Task item> Pictures in the data below are not part of the copy; transcribe everything else exactly.

======== Information shown

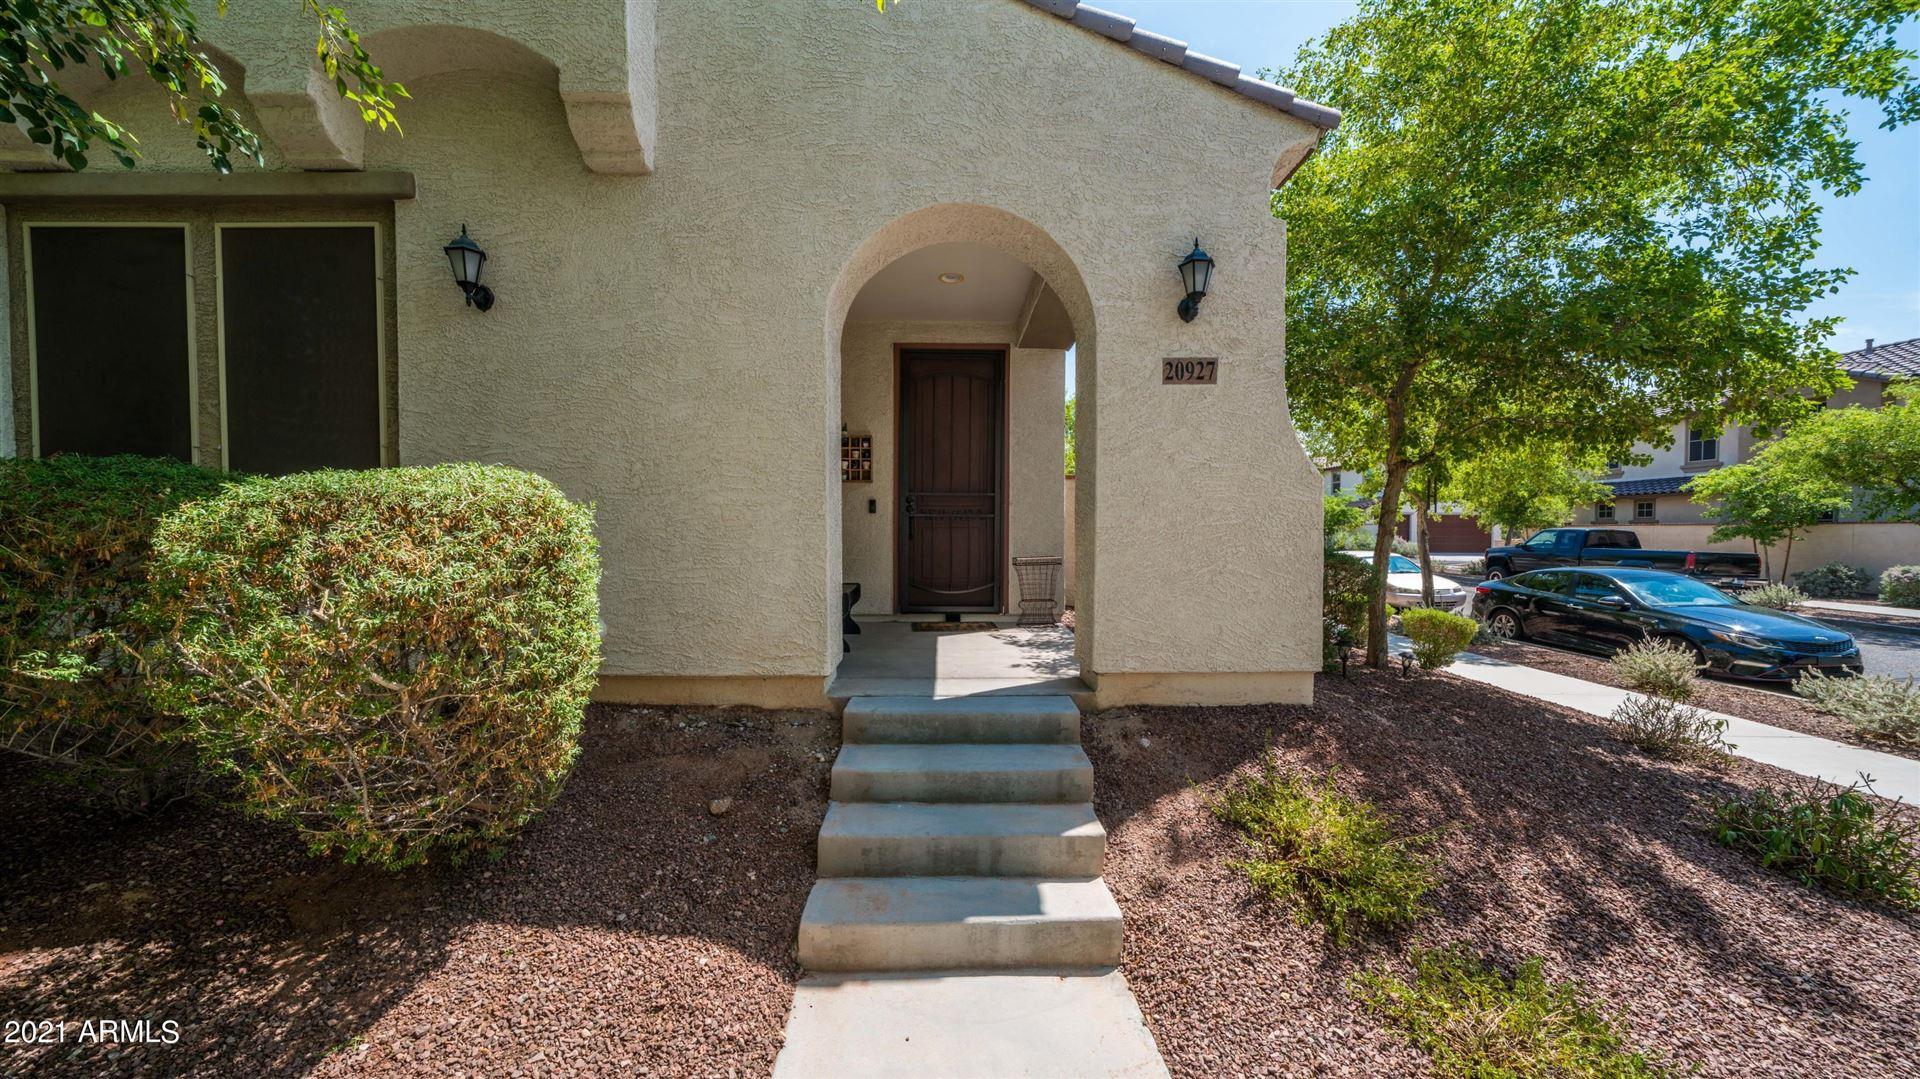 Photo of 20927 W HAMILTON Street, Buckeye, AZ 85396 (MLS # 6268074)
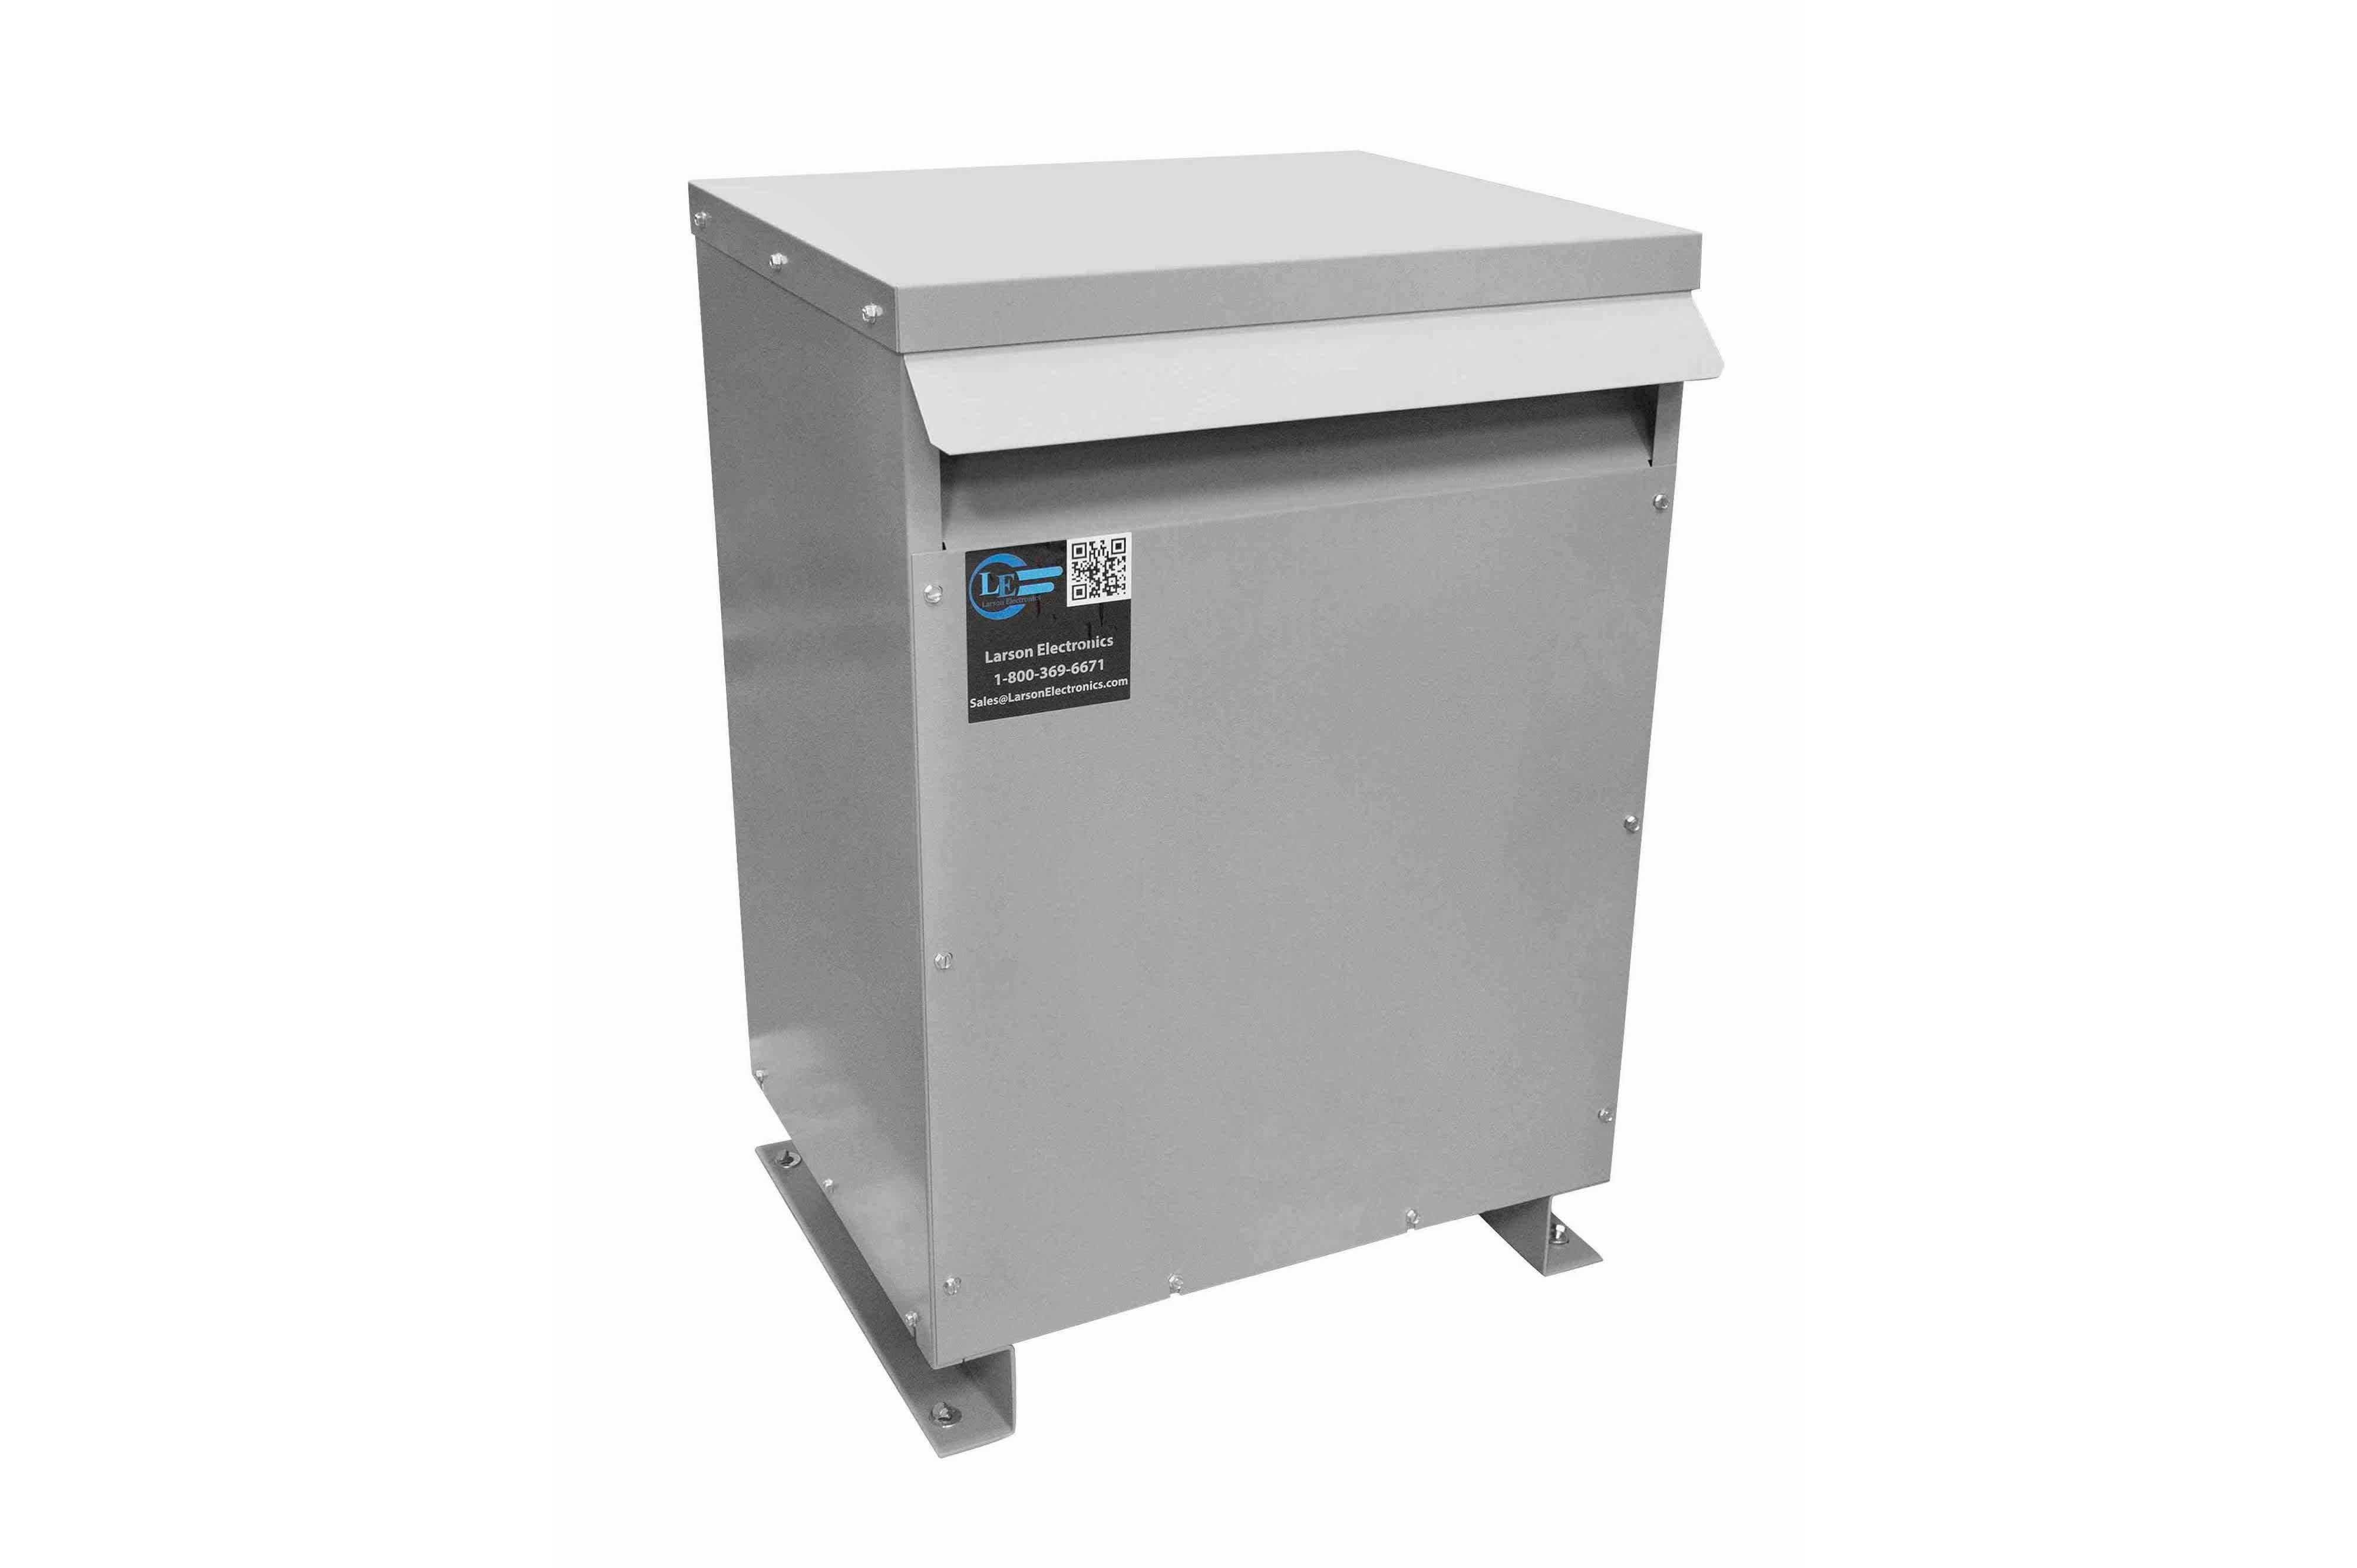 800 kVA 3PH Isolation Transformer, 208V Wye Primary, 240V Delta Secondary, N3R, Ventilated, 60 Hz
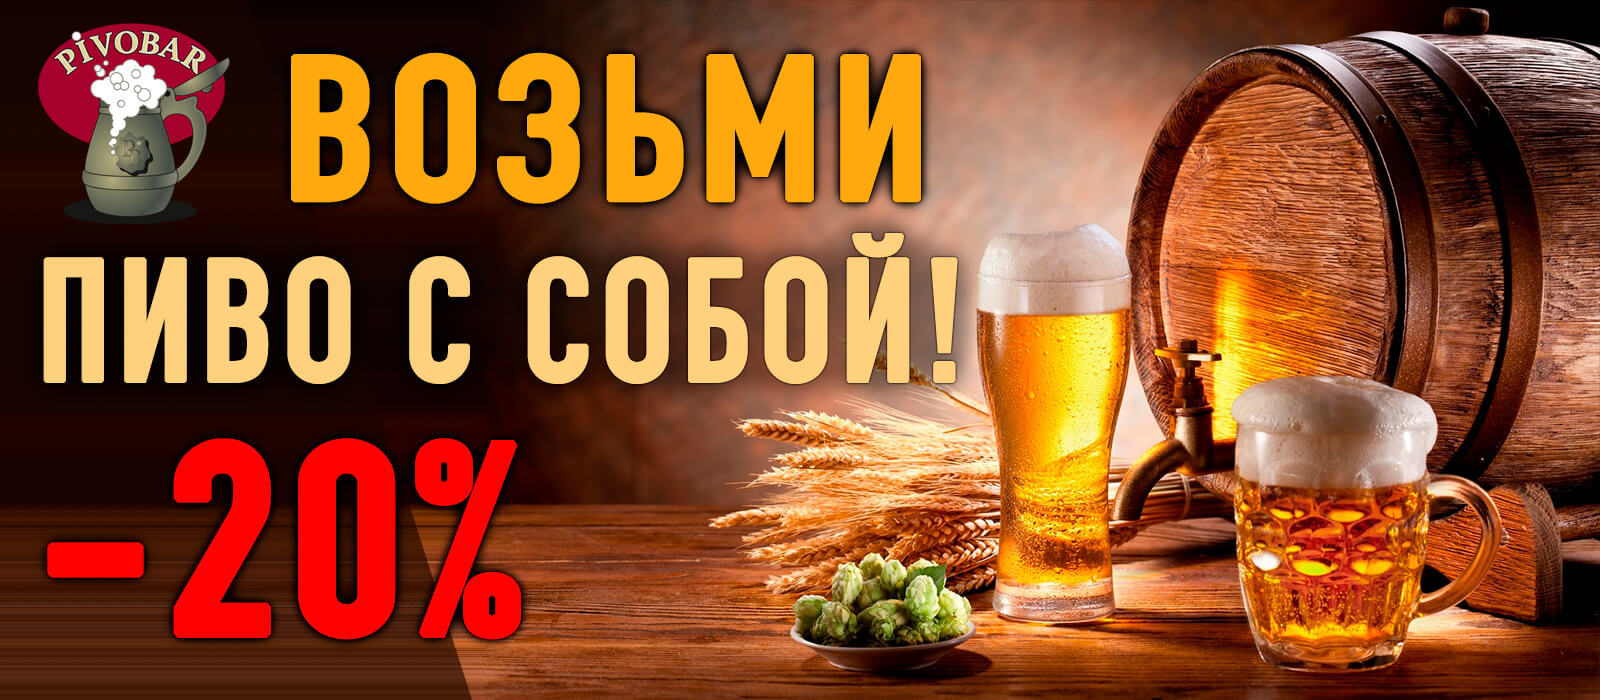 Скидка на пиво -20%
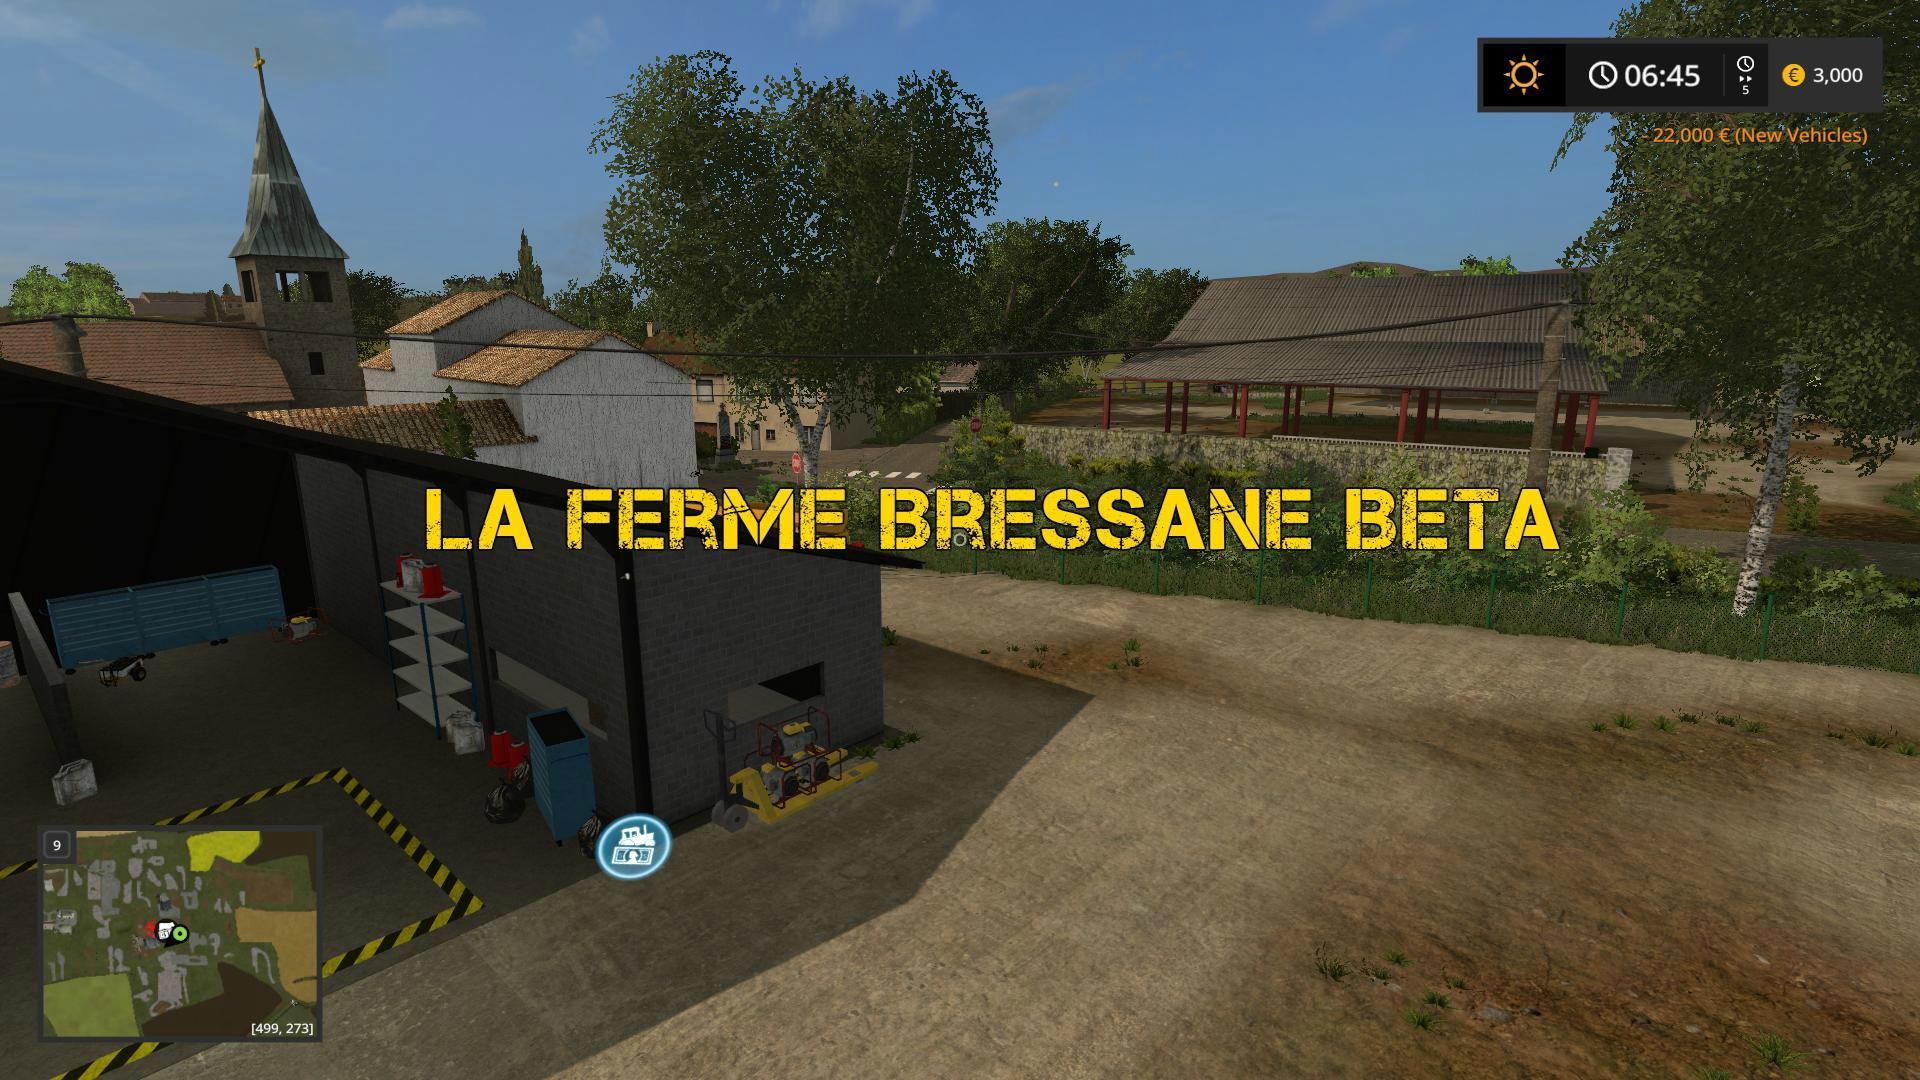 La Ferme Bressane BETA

================

Task output>
 Photo of 20927 W HAMILTON Street, Buckeye, AZ 85396 (MLS # 6268074)
 800 kVA 3PH Isolation Transformer, 208V Wye Primary, 240V Delta Secondary, N3R, Ventilated, 60 Hz
 Скидка на пиво -20%
 La Ferme Bressane BETA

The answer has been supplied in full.